To further examine whether these systematic biases can be identified through short-term hindcasts, we also calculated the mean precipitation biases for day-2 (Fig. 5a) and day-5 (Fig. 5b) hindcasts for individual models and compared them with MMM biases from the AMIP runs. For any given grid point, if at least four of five climate models (HadGEM2-Ai3 is not included) have the same sign in the hindcast bias as in the MMM AMIP bias, the grid point is stippled in Fig. 5 to indicate that the bias can be identified in the short-term (2 or 5 days) hindcasts. Although the stippled regions are sensitive to the number of ensemble members in the hindcasts, Fig. 5 still shows that many systematic biases in the climate runs can be identified with day-2 and day-5 hindcasts. An exception is the dry bias over the tropical western Pacific. The very similar stippled regions between day-2 and day-5 hindcasts also indicate that most systematic biases in the precipitation develop by day 2. These features are also true for other fields analyzed in this study. For simplicity, we only show results from day-5 hindcasts in the later MMM bias plots. We also examined the annual MMM biases from the AMIP runs (figure not shown) and found that the bias pattern between annual and JJA MMM is similar with the pattern correlation of approximately 0.81. This further suggests that the systematic biases in precipitation have weak seasonal dependence.

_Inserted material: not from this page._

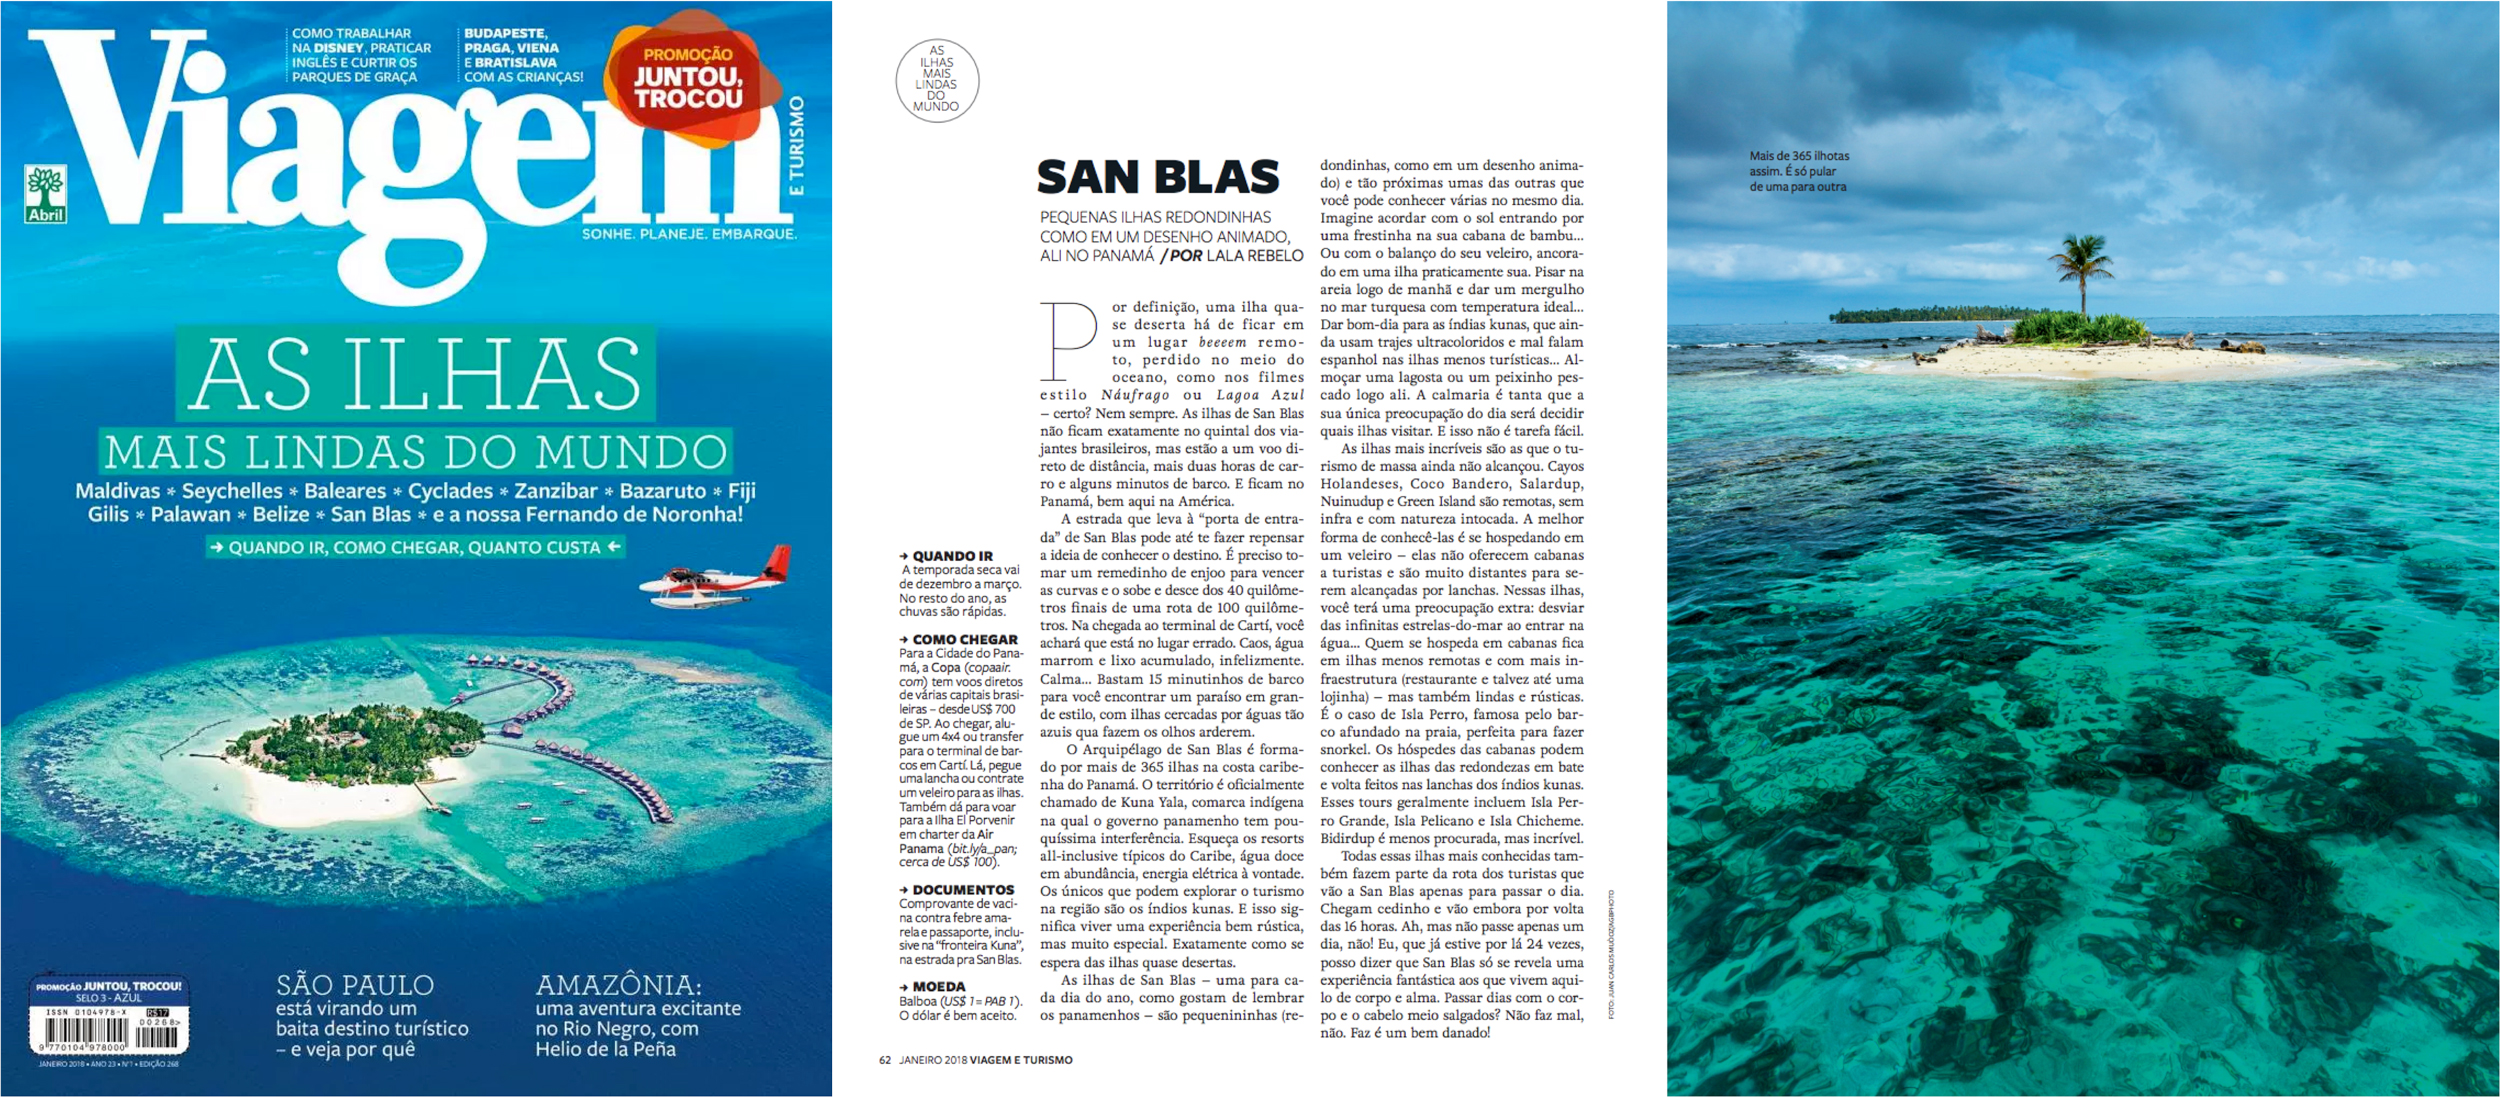 c730a33a50d2 revista viagem e turismo janeiro 2018 as ilhas mais lindas do mundo san  blas panama lala

Figure 6 displays day-2 and day-5 ensemble mean biases for precipitation from the individual models, along with the JJA mean precipitation biases from the corresponding CMIP5/AMIP simulations. As expected, the hindcast ensembles for either day 2 or day 5 from individual models are noisier than its AMIP biases. Nevertheless, precipitation biases of day-5 ensemble hindcasts from individual model do share a similar bias pattern to the AMIP bias patterns.
Figure 7 shows the MMM JJA cloud fraction biases in reference to ISCCP observations. These climate models produce a too small cloud fraction over almost the entire globe, except over the eastern Pacific and Atlantic, and the low bias is larger in magnitude over Northern Hemisphere continents but is also present over the marine subtropical stratocumulus regions, such as Peruvian, Namibian, and Australian stratocumulus, which have been extensively reported in many studies (Wood 2012). Day-5 hindcasts from most models are able to identify the low bias in cloud fraction in most locations over land and the Peruvian, Namibian, and Australian marine stratocumulus regions, suggesting that these biases are robust across models and most likely as a result of model parameterizations (Klein et al. 2013).
SWAbs biases are negative (smaller shortwave fluxes into the atmosphere) over most tropical and subtropical oceans, as well as over Western Australia, eastern and southern Africa, the Tibetan Plateau, and Arctic regions (Fig. 8). Positive SWAbs biases (more shortwave fluxes into the atmosphere) occur over most Northern Hemisphere continents and the Antarctica, as well as over northwestern tropical Pacific; the Southern Ocean; and regions of Californian, Peruvian, and Namibian marine stratocumulus. Day-5 hindcasts show similar bias patterns except over the northwestern tropical Pacific resulting from the highly transient variability in the hindcasts. Upon comparing SWAbs biases to cloud fraction biases, it is interesting to see that there are some regions where too little SWAbs occurs despite having either the correct total cloud fraction or too little cloud fraction, such as most tropical and subtropical oceans. This suggests biases in the cloud condensate simulations (cloud liquid and ice) as the cloud optical depth is important in affecting the net radiation budget (Kay et al. 2012; Nam et al. 2012). We note that the negative SWAbs bias regions in the Pacific and Indian Oceans coincide with maxima in the precipitation biases, suggesting that too little SWAbs in these regions results from the mislocation of precipitation and the accompanying highly reflective clouds.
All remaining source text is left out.